# Anyone play Catan board games?



## Turangalîla (Jan 29, 2012)

Since we are an intelligent, sophisticated community of like-minded classical fans, I thought that perhaps many of you play the Catan family of board games, consisting of the base game _The Settlers of Catan_, and continuing on to the game expansions _Seafarers_, _Cities & Knights_, and _Traders and Barbarians_.

For the record, I consider myself an addict. As of my recent birthday, I now own the complete set, as well as the 5-6 player expansions for all three. I know that the games are immensely popular in North America and Germany (where the games were conceived). I do not know about other countries.


----------



## Chi_townPhilly (Apr 21, 2007)

*Mayfair* is the U.S, distributor to the 'Catan' franchise... I presume it's the same in Canada.

As I look at the BoardGaming shelf in my den, I see the Mayfair vehicles "Empire Builder," "Eurorails" and the beer-and-skittles card-game "Family Business," but no 'Catan' offerings.

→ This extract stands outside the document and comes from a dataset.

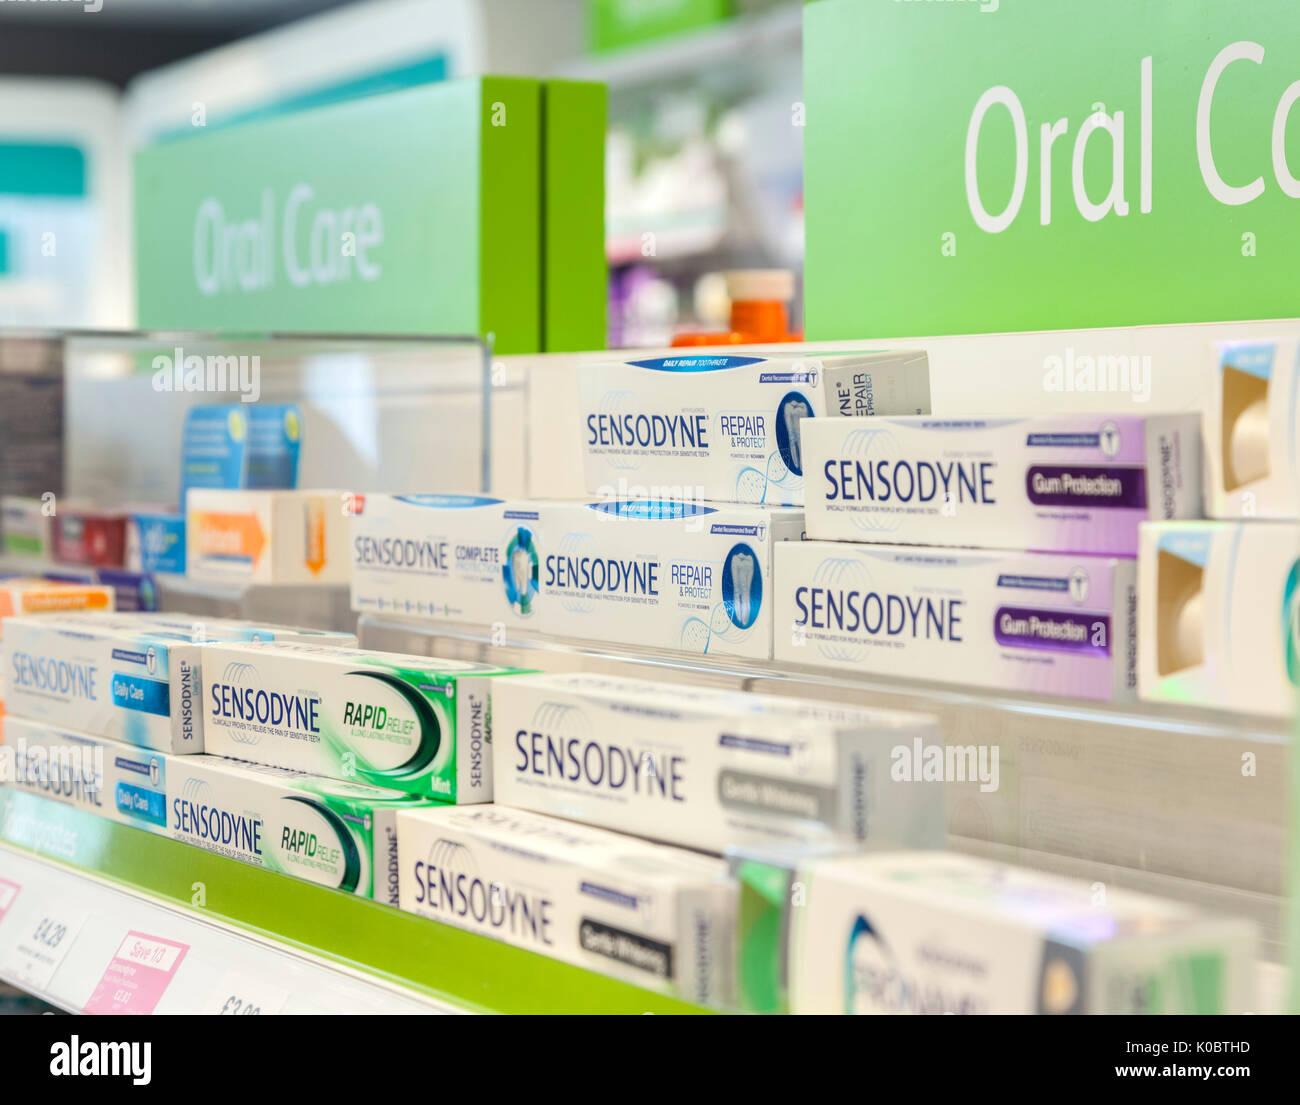 Sensodyne products on sale in a chemist shop,pharmacy shelf,pharmacists,drug store - Stock Image

For about a decade-and-half of my life, I was (at the minimum) an enthusiastic table-gamer [sports simulations, tactical and strategic games, RPGs (but *never* LARP... I think "larp"ers take it too far)]- but never tried 'Catan.' I had gaming friends/acquaintances who thought it was great- so it's cool that _you_'re enjoying it.


----------



## Crudblud (Dec 29, 2011)

I can't get in to tabletop strategy/RPG stuff, I use to be an avid collector and painter of Warhammer 40,000 models, but when I actually played a game I found the dice rolling followed by checking for special abilities and hit chances really boring and it put me off. I don't know if Catan is like that as I've never seen it here in the UK, but then I don't visit tabletop gaming shops very often.


----------



## Cnote11 (Jul 17, 2010)

Perhaps if I knew what it was...


----------



## Chrythes (Oct 13, 2011)

Crudblud said:


> I can't get in to tabletop strategy/RPG stuff, I use to be an avid collector and painter of Warhammer 40,000 models, but when I actually played a game I found the dice rolling followed by checking for special abilities and hit chances really boring and it put me off. I don't know if Catan is like that as I've never seen it here in the UK, but then I don't visit tabletop gaming shops very often.

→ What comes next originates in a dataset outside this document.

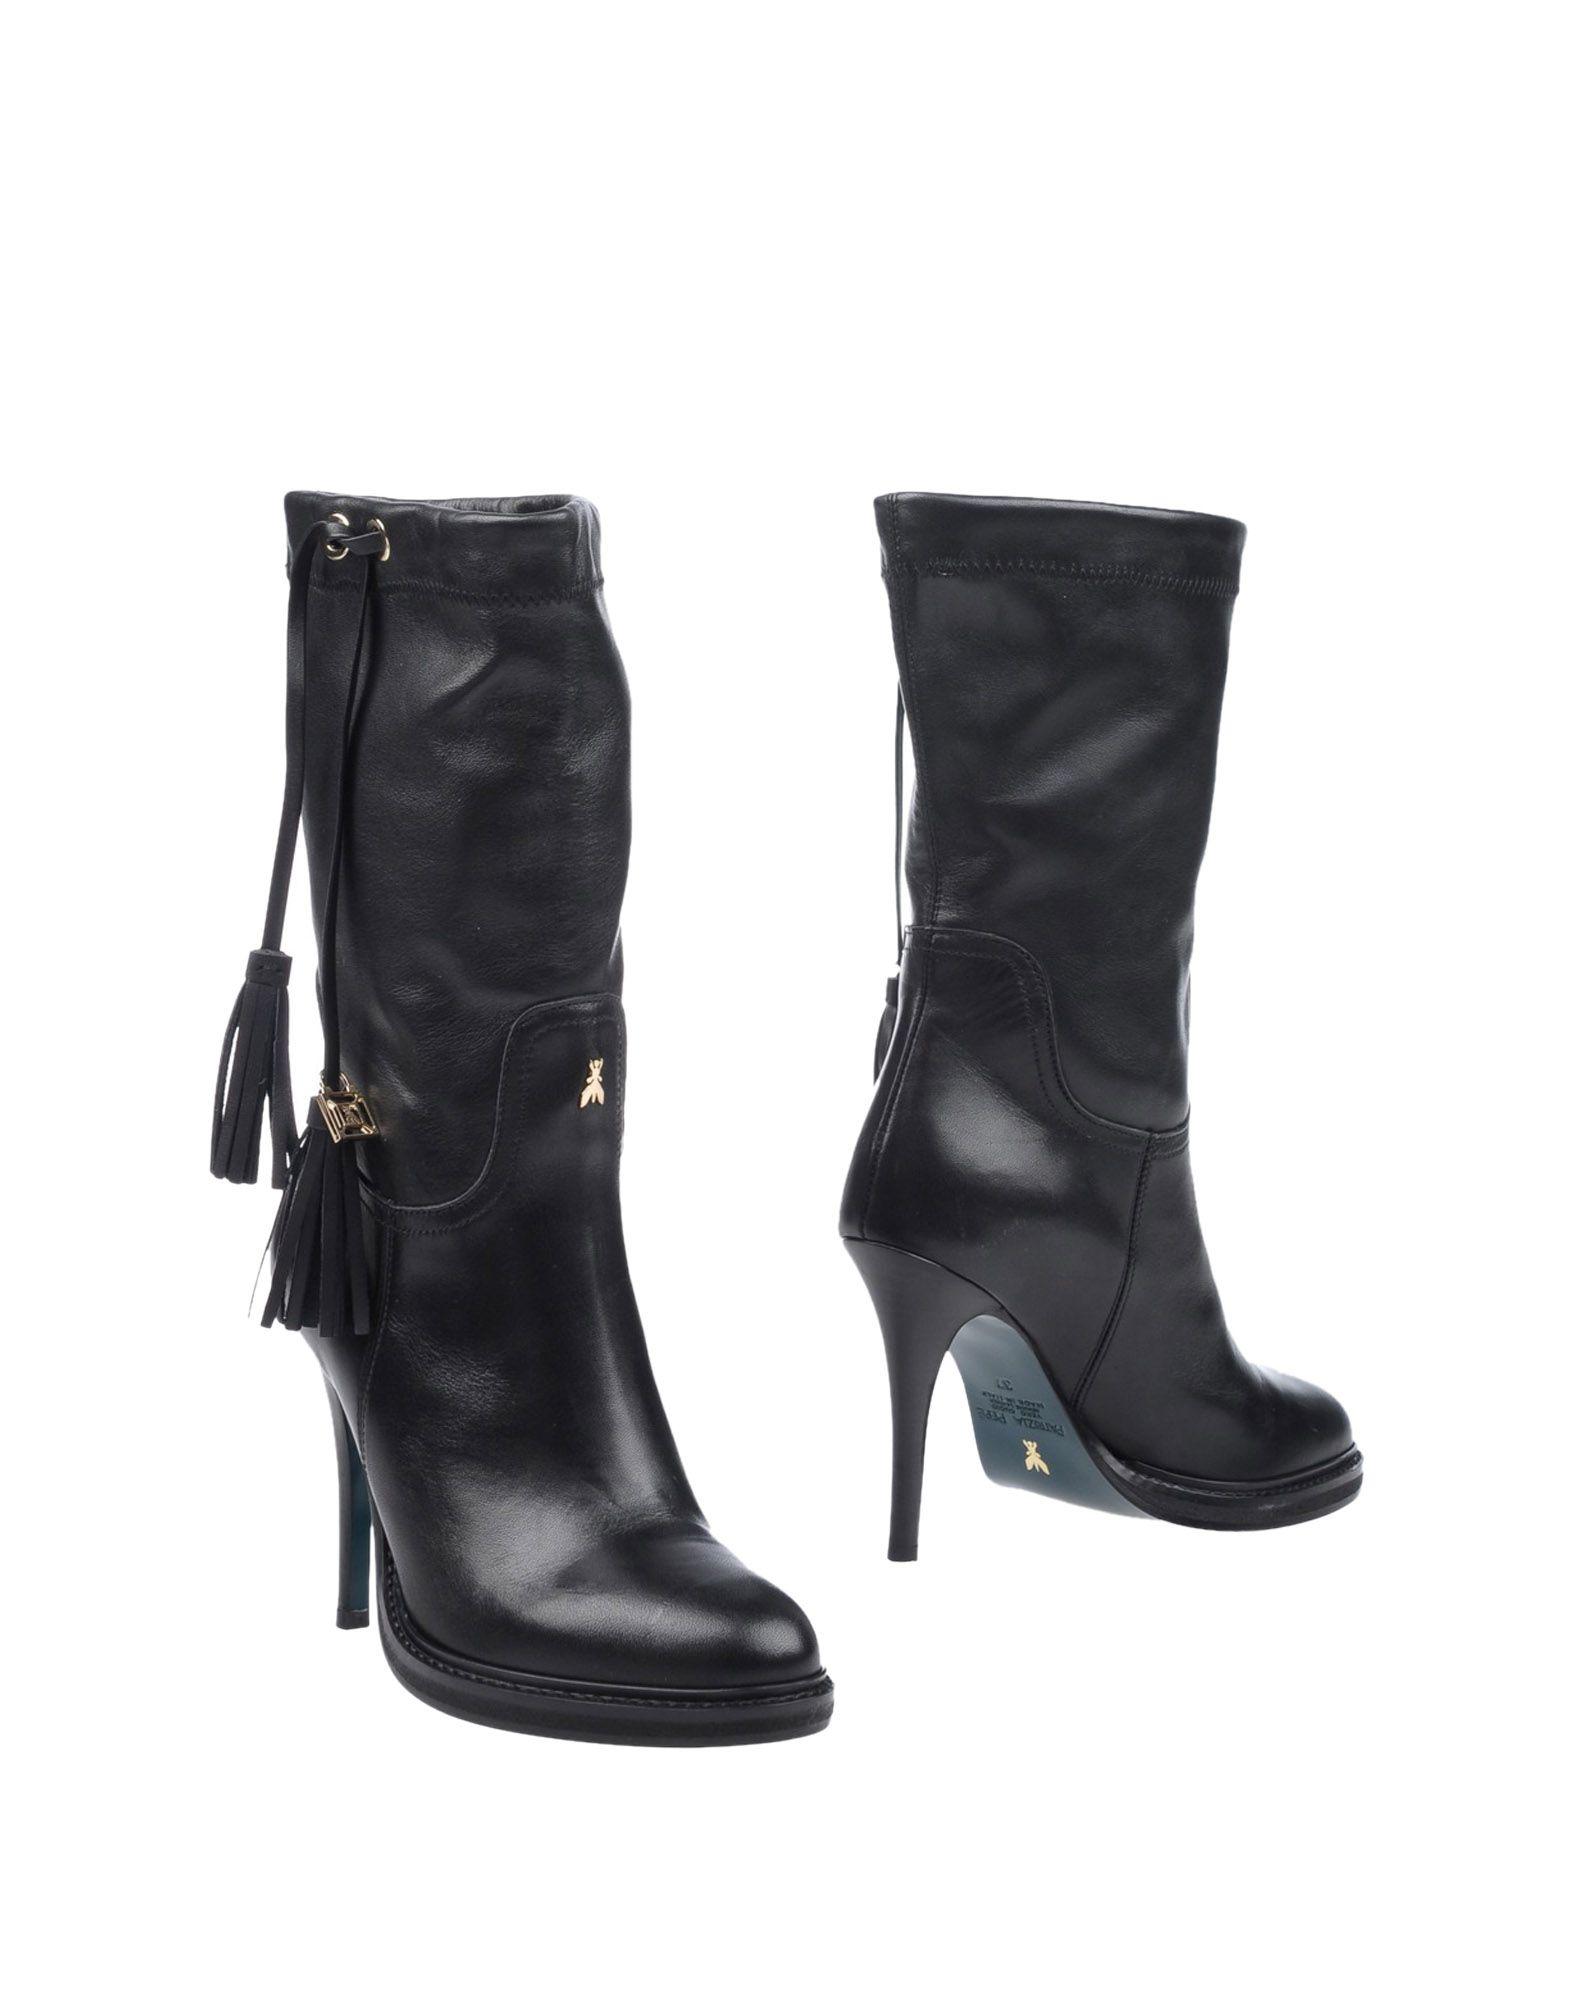 Rabatt Schuhe  Patrizia Pepe Stiefelette Damen  Schuhe 11297650LH de09f2

Well then you should have tried playing games that do not include a dice. I find those to be quite boring as well, since most of the game is limited to chance. For a while I played Agricola, which does rely a bit on chance, since you randomly choose the first cards, but the rest of the game purely depends on your own strategy. It's not the most exciting game, and I'm sure there are better games in the genre, but it still is more fun since you are not chained to some random dice numbers.


----------